■ Records provided:
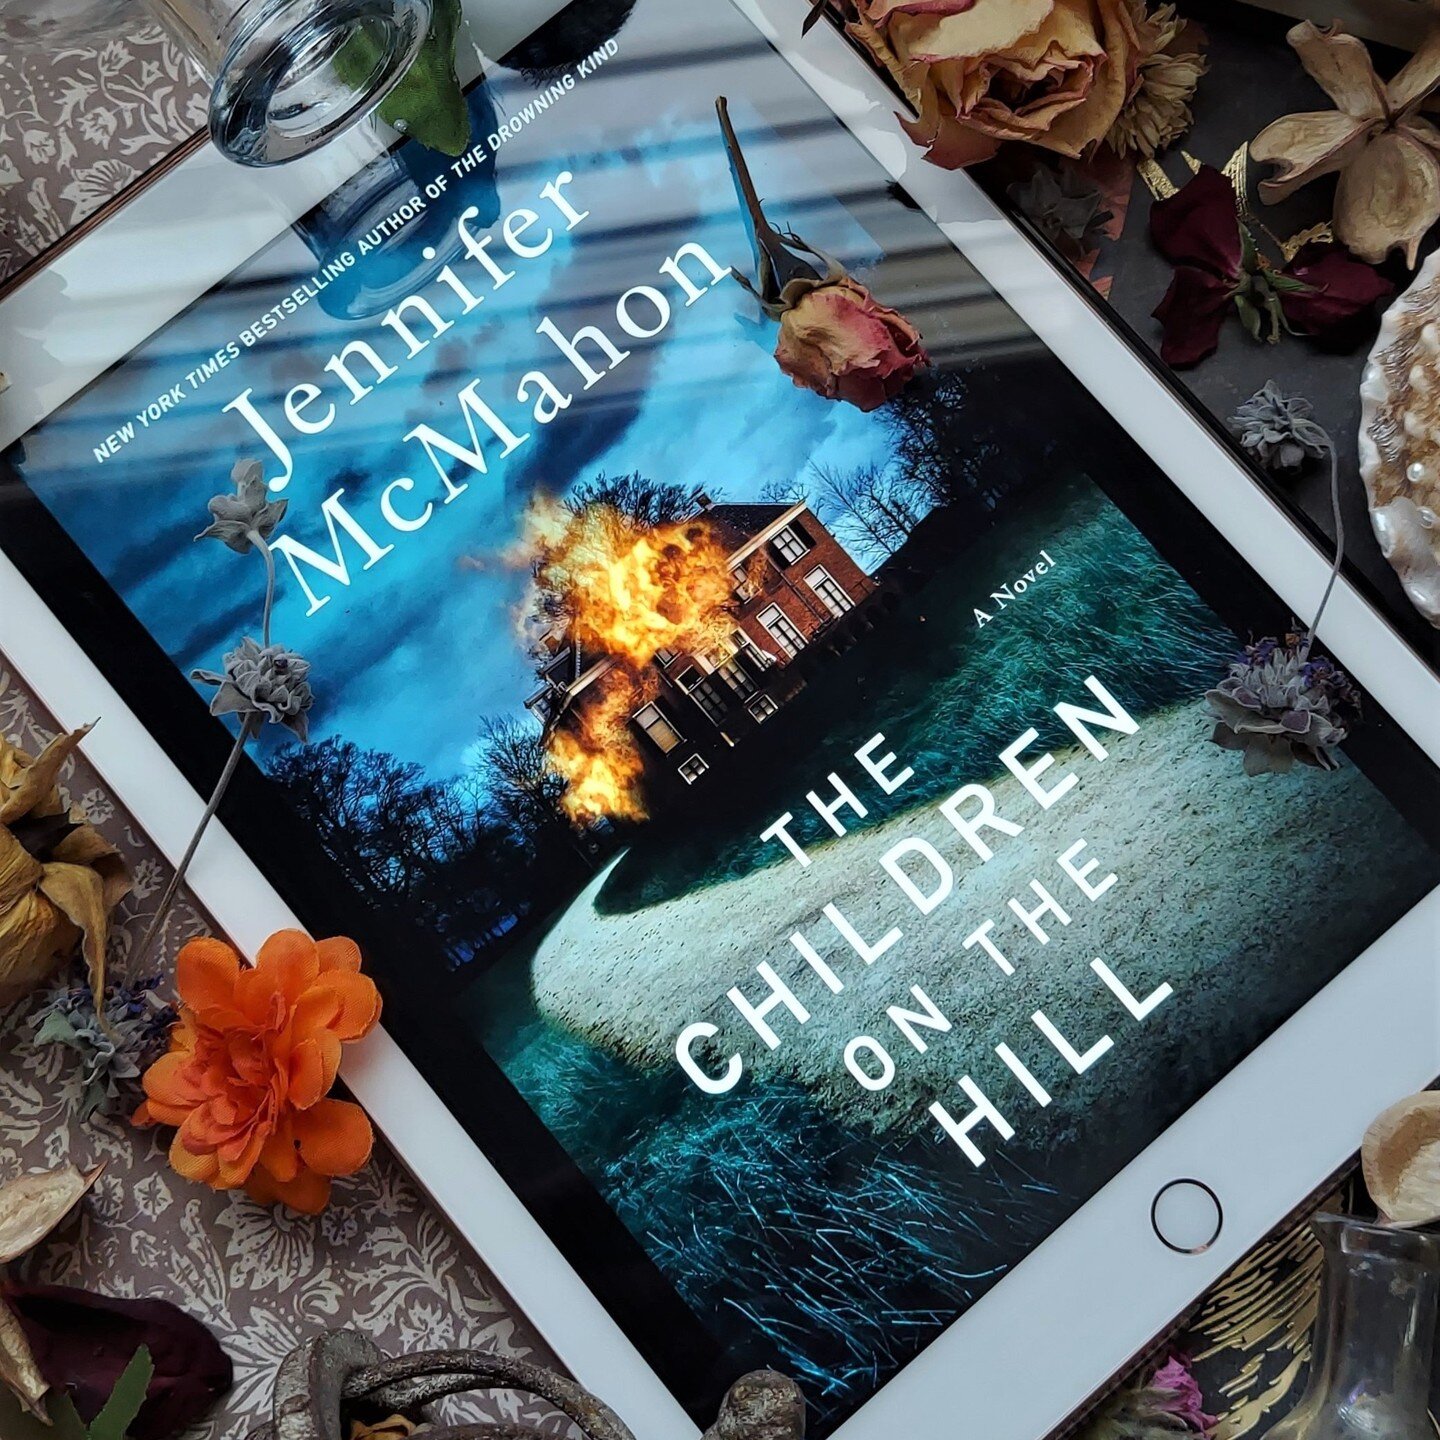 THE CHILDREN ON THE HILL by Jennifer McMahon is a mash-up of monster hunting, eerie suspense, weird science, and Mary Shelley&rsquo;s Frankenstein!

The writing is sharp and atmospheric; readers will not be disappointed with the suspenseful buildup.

---

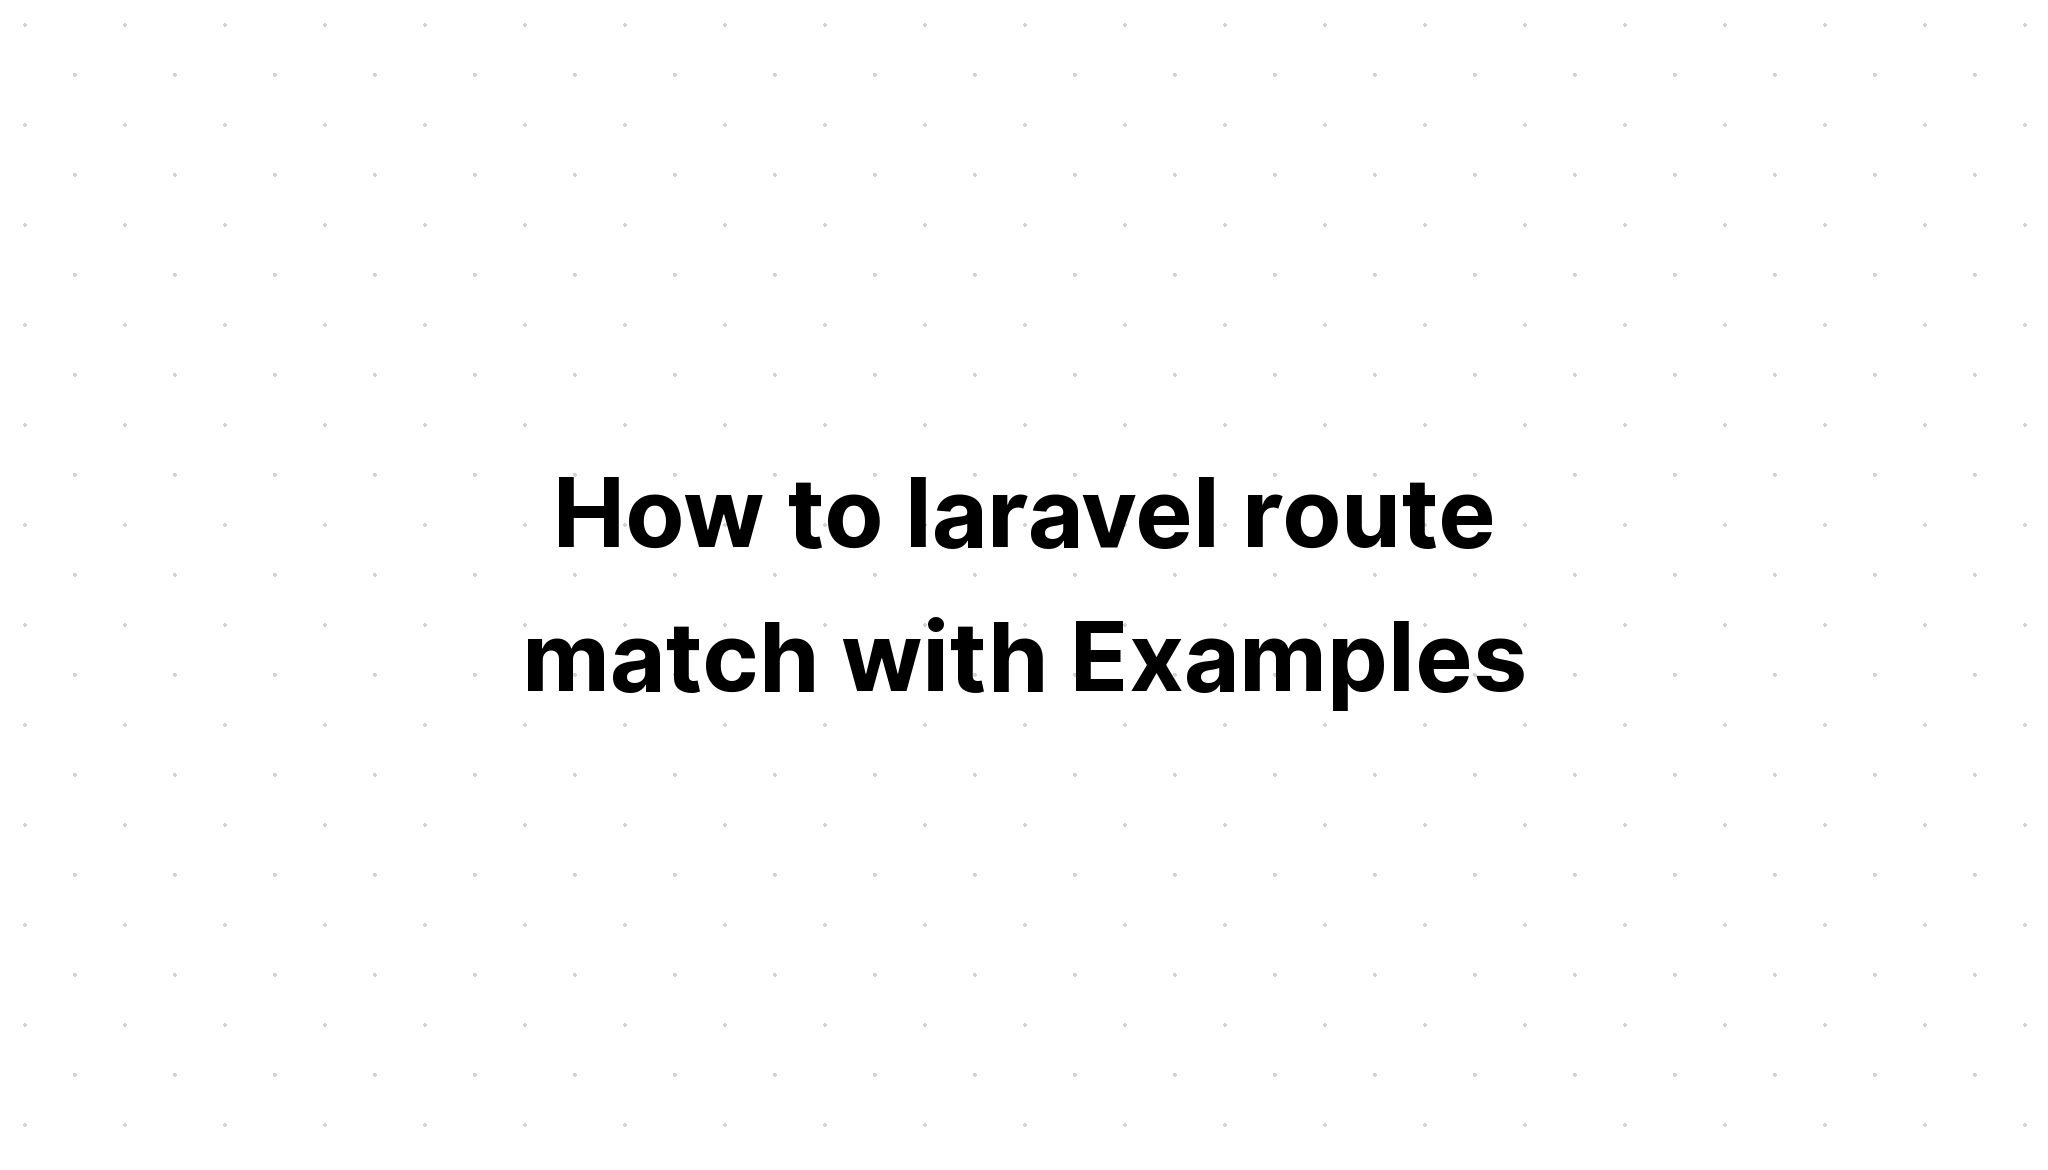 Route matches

...

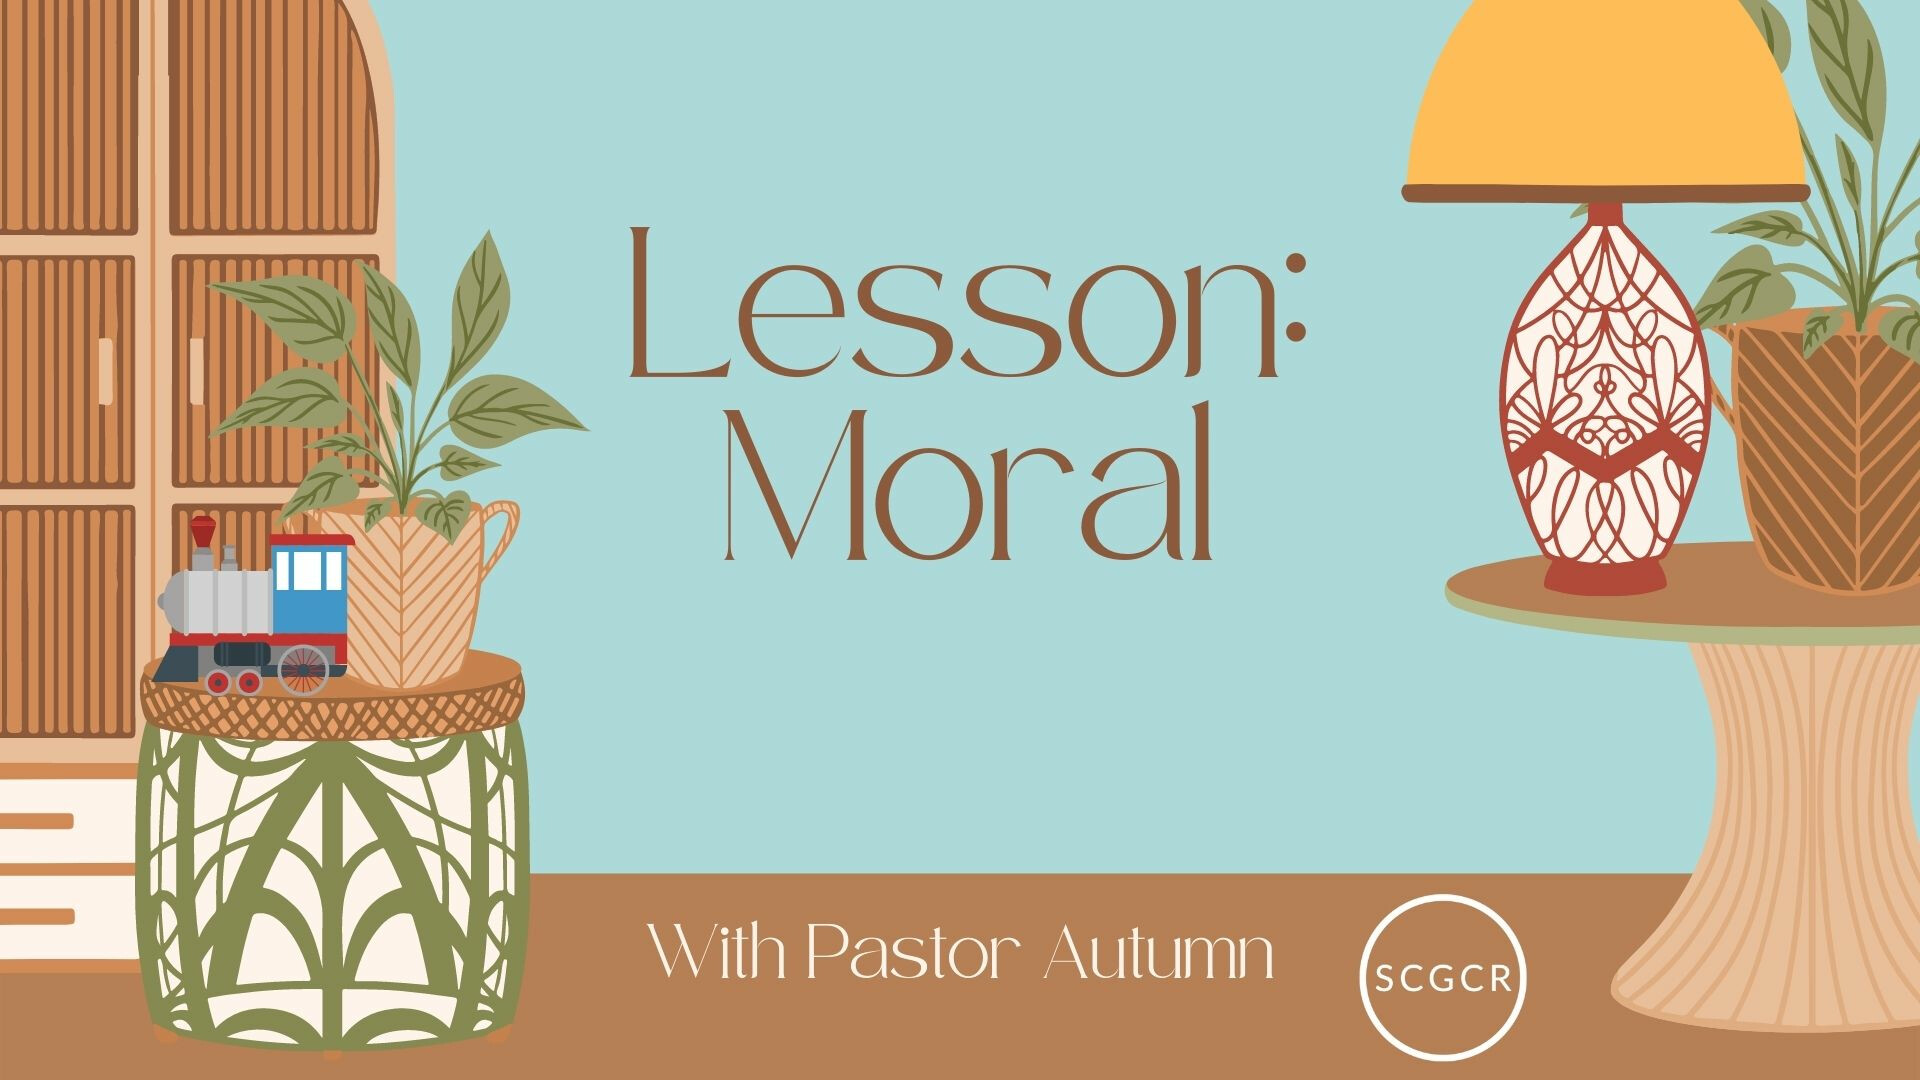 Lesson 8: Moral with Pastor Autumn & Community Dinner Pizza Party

■ Task objective:
Output only the stretch above from the line with "THE CHILDREN ON" through the line with "The writing is", reproduced exactly. Exclude pictures.

■ Output for this exercise:
 THE CHILDREN ON THE HILL by Jennifer McMahon is a mash-up of monster hunting, eerie suspense, weird science, and Mary Shelley&rsquo;s Frankenstein!

The writing is sharp and atmospheric; readers will not be disappointed with the suspenseful buildup.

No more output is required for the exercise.